The goal of this document is to demonstrate that, mutatis mutandis, the implementations of the Smith-Waterman algorithm in the textreuse package and the Biostrings package return the same results.
suppressPackageStartupMessages(library("Biostrings"))
## Creating a generic function for 'nchar' from package 'base' in package 'S4Vectors'
library("textreuse")
library("stringr")
Biostrings works by defining a substitution matrix, since there is a limited vocabulary (A, C, G, T). Create the substitution matrix, with the same scores we will use for textreuse.

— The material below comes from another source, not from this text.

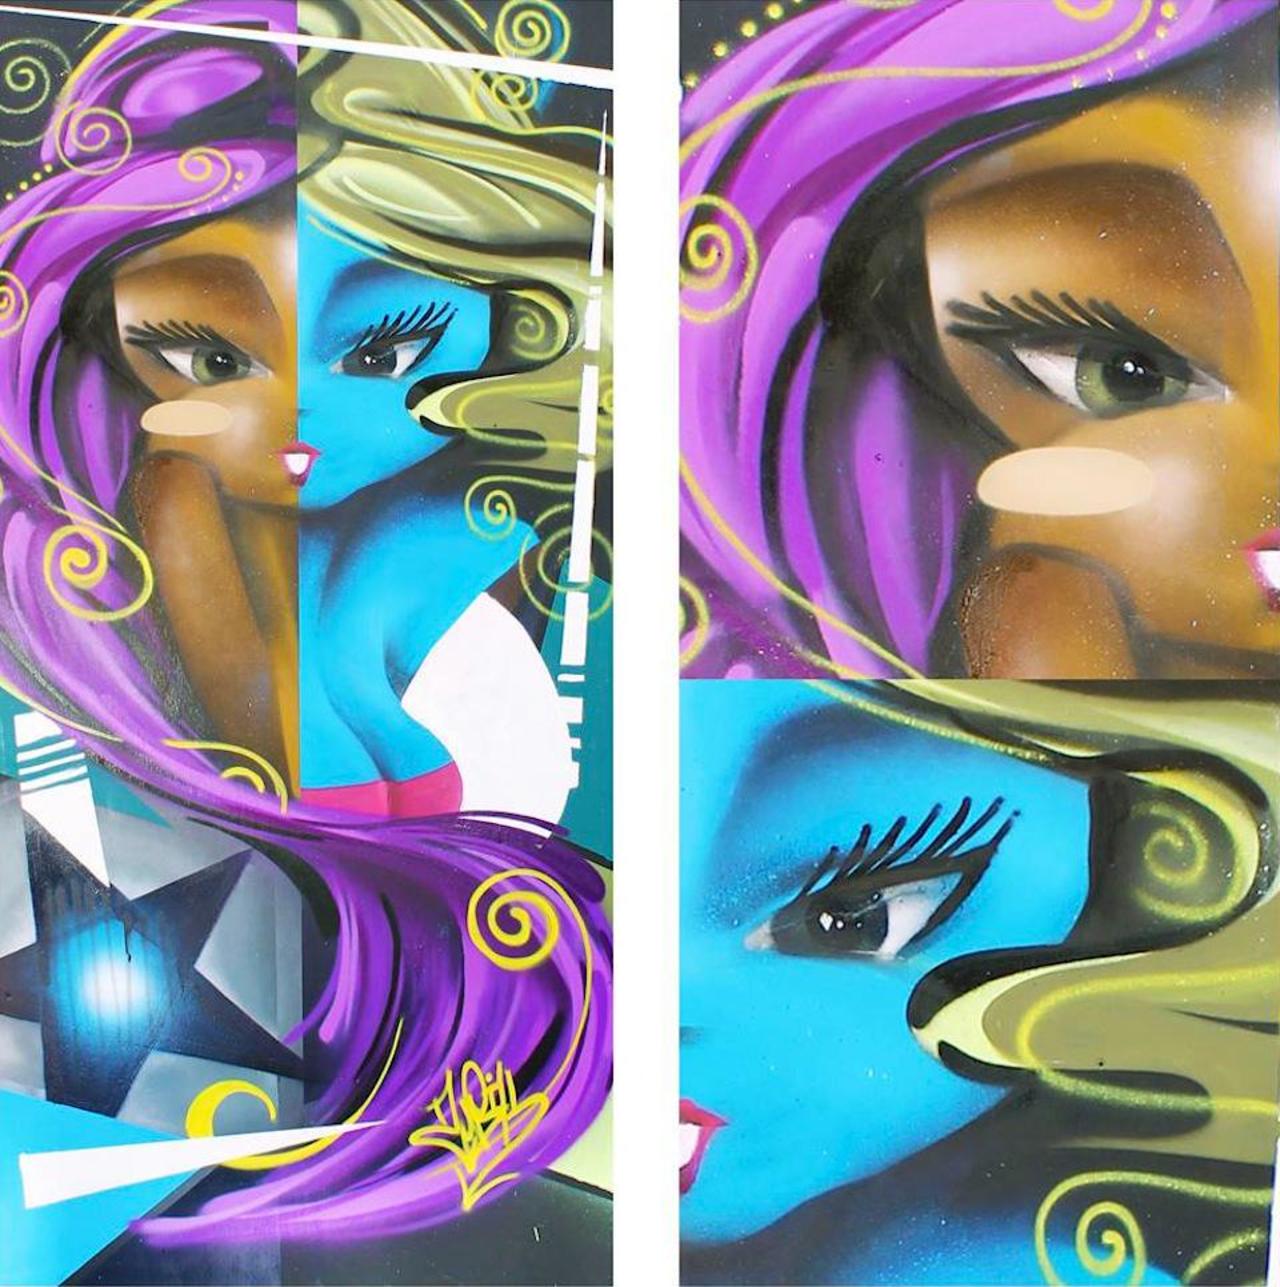 Women of Street Art: work of Zurik #murals #art #streetart #urbanart #Graffiti #Zurik http://t.co/ZCQW5p22vJ

s <- nucleotideSubstitutionMatrix(match = 2, mismatch = -1, baseOnly = TRUE,
type = "DNA")
s
## A C G T
## A 2 -1 -1 -1
## C -1 2 -1 -1
## G -1 -1 2 -1
## T -1 -1 -1 2
Test the Biostrings implementation. Note that Biostrings package implements both a gap opening and a gap extension penalty. Set the gap extension penalty to 0 since textreuse only implements a gap opening penalty.
a_letters <- "ACCCGTAAAAAA"
b_letters <- "ACCGGTCCCCCC"
bio <- pairwiseAlignment(a_letters, b_letters, type = "local",
gapOpening = 1, gapExtension = 0, substitutionMatrix = s)

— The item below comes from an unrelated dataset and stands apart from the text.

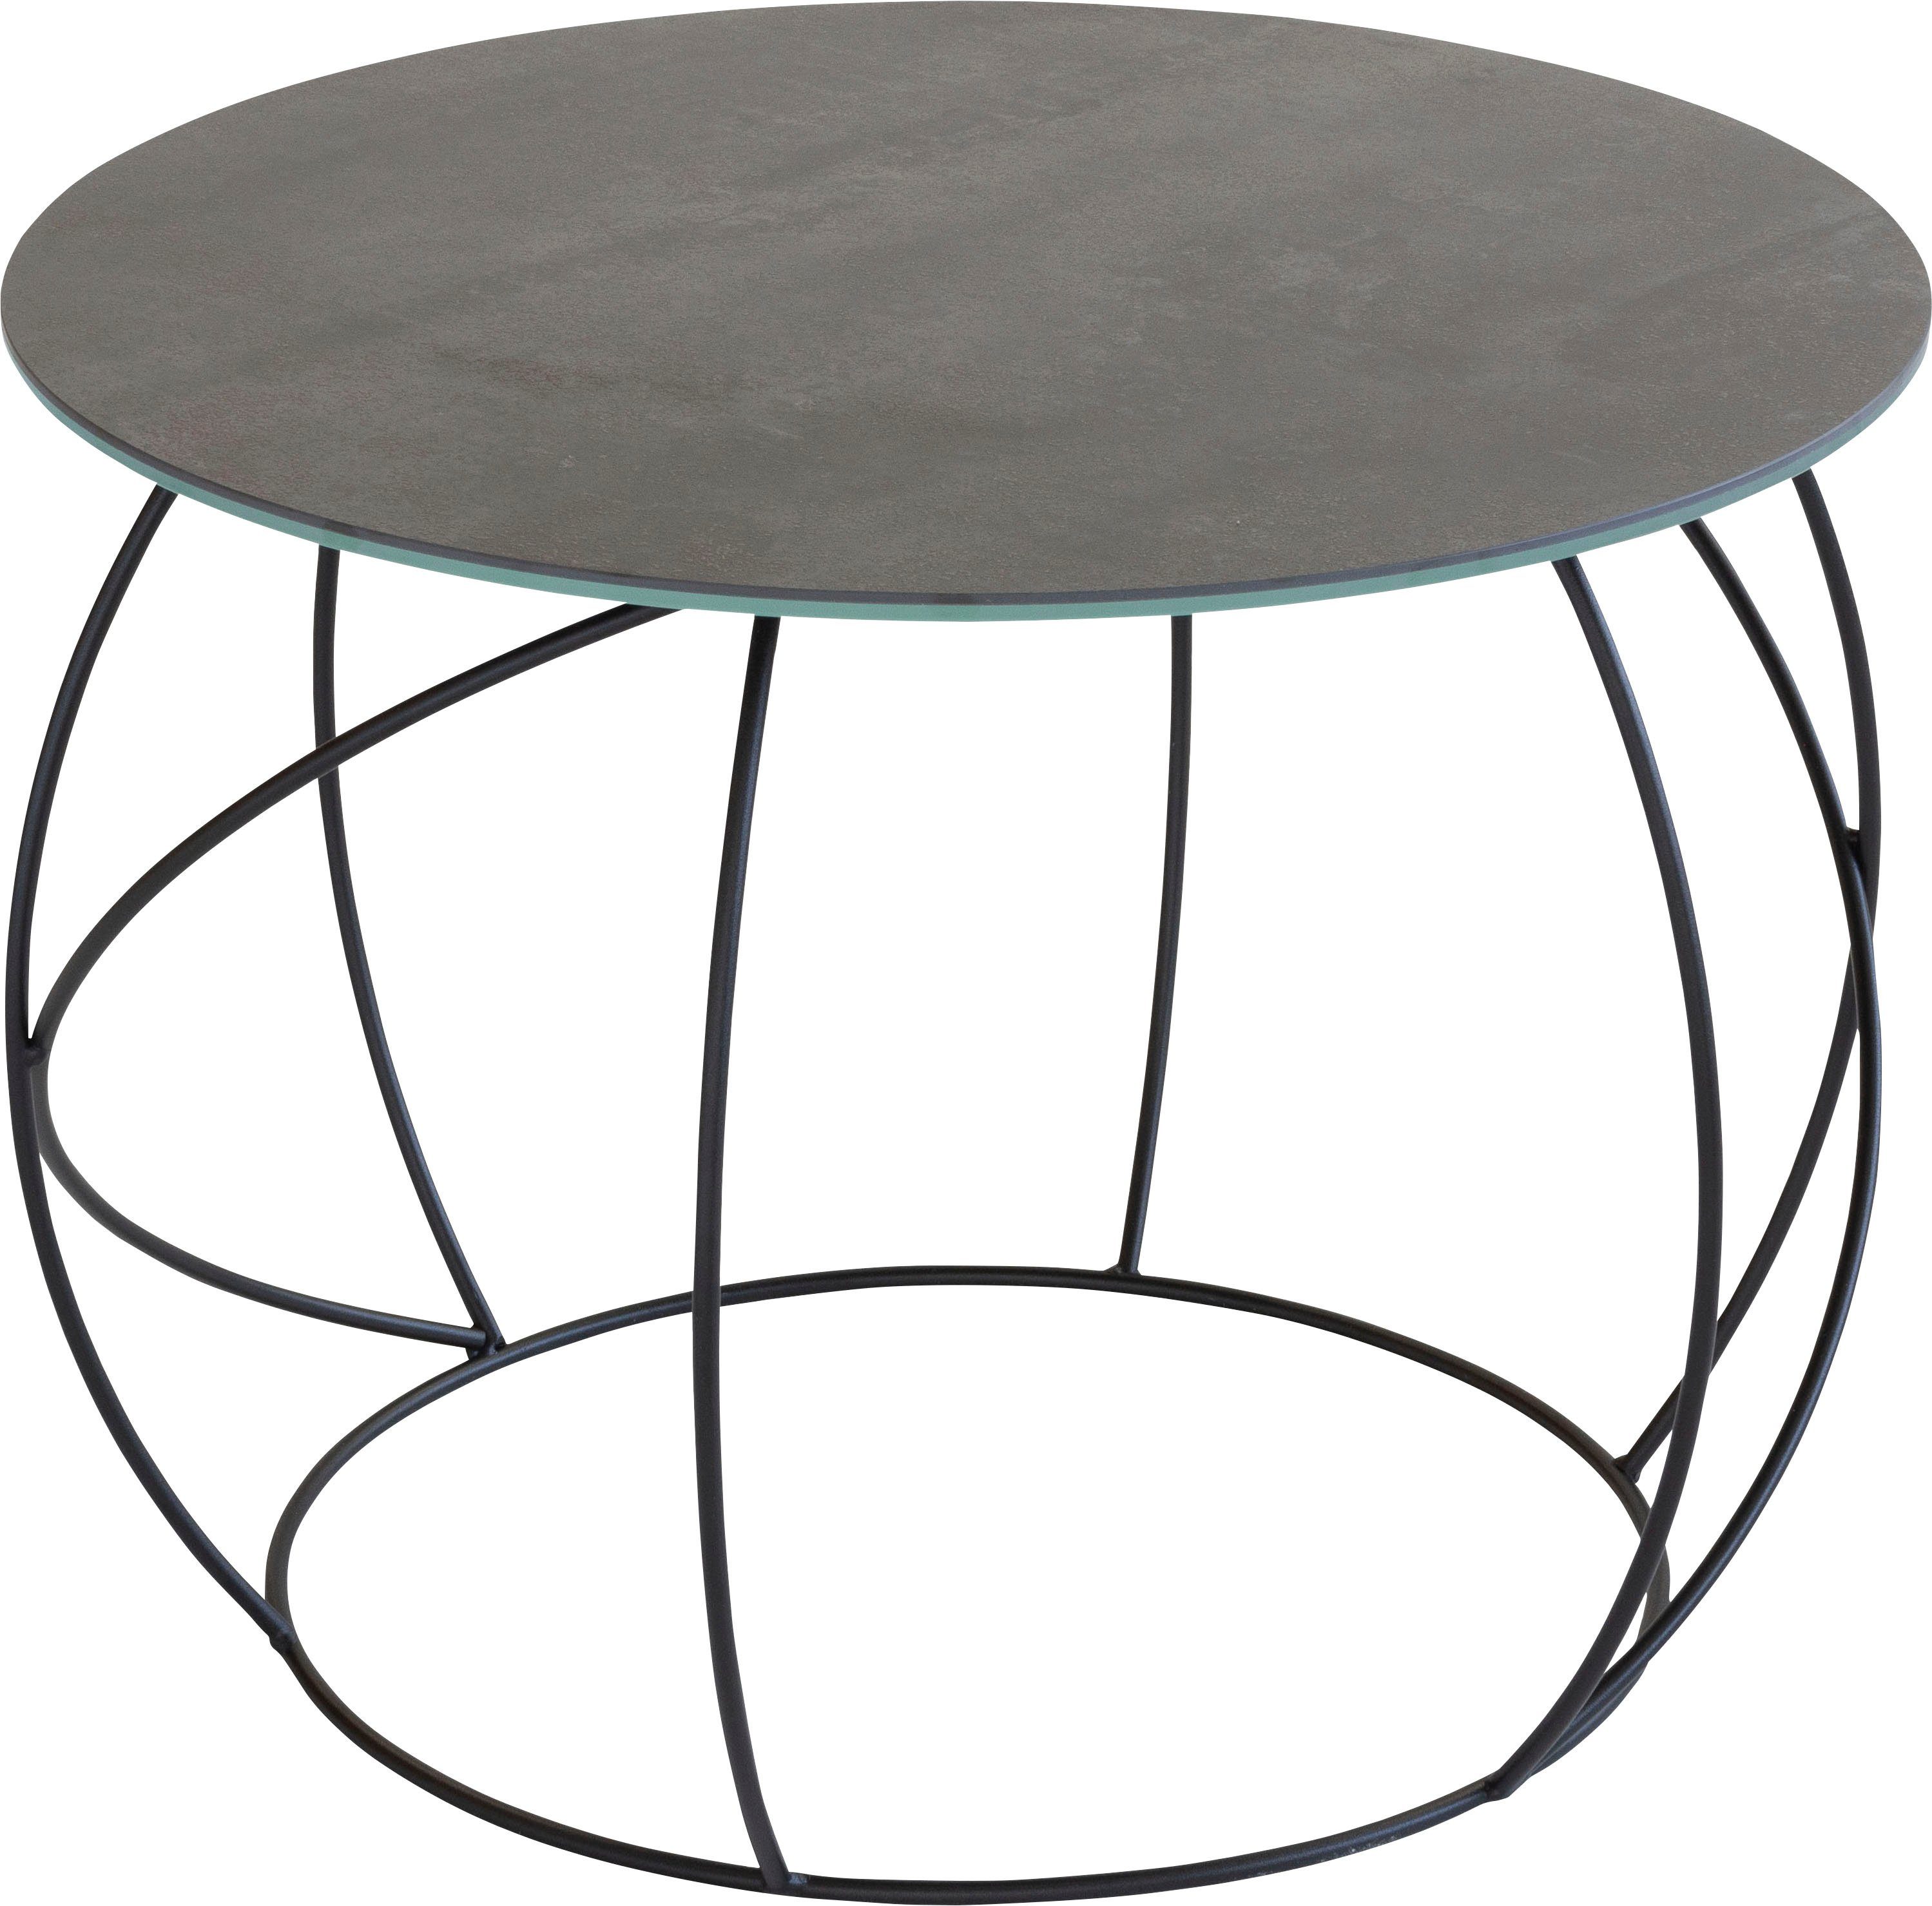 Möbel Tischplatte Beistelltisch, hochwertiger aus Henke Keramik

Textreuse expects words, not letters, so add a space between each letter.
letters_to_words <- function(x) {
x %>% str_split("") %>% `[[`(1) %>% str_c(collapse = " ")
}
a_words <- letters_to_words(a_letters)
b_words <- letters_to_words(b_letters)
tr <- align_local(a_words, b_words, match = 2, mismatch = -1, gap = -1)
Compare the two:
bio
## Local PairwiseAlignmentsSingleSubject (1 of 1)
## pattern: [1] ACCCGT
## subject: [1] ACCGGT
## score: 9
tr
## TextReuse alignment
## Alignment score: 9
## Document A:
## A C C C # G T
##
## Document B:
## A C C # G G T
The two implementations get the same score, 9. They extract the same substring, ACCCGT and ACCGGT. The main difference is in representation. Biostrings does not mark substitutions: e.g., G for C in the fourth character above, which makes sense with its limited vocabulary. But textreuse marks all substitutions as an insertion and a deletion, to draw attention to the change. (The code for that feature.)